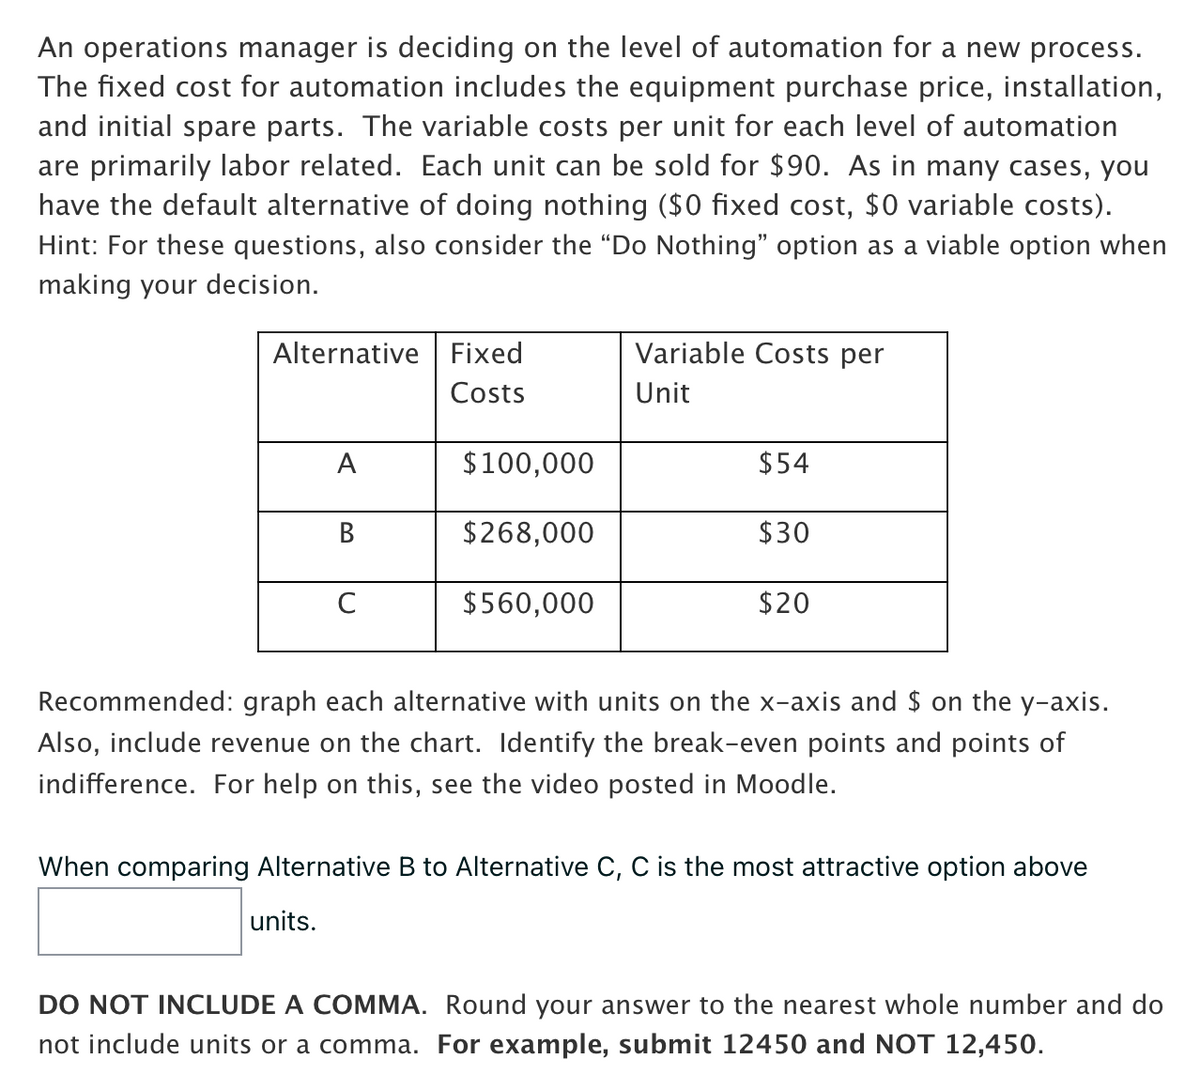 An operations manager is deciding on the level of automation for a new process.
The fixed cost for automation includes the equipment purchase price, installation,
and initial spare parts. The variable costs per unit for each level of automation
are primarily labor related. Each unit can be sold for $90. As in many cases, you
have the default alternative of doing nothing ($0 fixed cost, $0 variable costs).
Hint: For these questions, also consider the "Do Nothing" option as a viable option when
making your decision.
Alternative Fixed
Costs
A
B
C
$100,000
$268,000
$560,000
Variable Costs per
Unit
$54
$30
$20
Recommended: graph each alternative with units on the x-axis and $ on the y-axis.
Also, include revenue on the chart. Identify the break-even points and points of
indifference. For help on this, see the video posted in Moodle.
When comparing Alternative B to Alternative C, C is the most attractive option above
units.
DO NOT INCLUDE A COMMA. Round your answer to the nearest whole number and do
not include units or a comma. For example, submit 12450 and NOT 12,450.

##########

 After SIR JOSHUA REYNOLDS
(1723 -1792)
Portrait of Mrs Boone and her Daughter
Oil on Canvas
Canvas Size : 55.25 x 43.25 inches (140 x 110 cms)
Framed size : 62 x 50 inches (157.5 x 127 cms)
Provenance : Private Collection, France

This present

##########

### Exercise instructions
Output exactly the lines above, from the line with "An operations manager" to the line with "not include units", both included; skip the pictures.

### Answer space
 An operations manager is deciding on the level of automation for a new process.
The fixed cost for automation includes the equipment purchase price, installation,
and initial spare parts. The variable costs per unit for each level of automation
are primarily labor related. Each unit can be sold for $90. As in many cases, you
have the default alternative of doing nothing ($0 fixed cost, $0 variable costs).
Hint: For these questions, also consider the "Do Nothing" option as a viable option when
making your decision.
Alternative Fixed
Costs
A
B
C
$100,000
$268,000
$560,000
Variable Costs per
Unit
$54
$30
$20
Recommended: graph each alternative with units on the x-axis and $ on the y-axis.
Also, include revenue on the chart. Identify the break-even points and points of
indifference. For help on this, see the video posted in Moodle.
When comparing Alternative B to Alternative C, C is the most attractive option above
units.
DO NOT INCLUDE A COMMA. Round your answer to the nearest whole number and do
not include units or a comma. For example, submit 12450 and NOT 12,450.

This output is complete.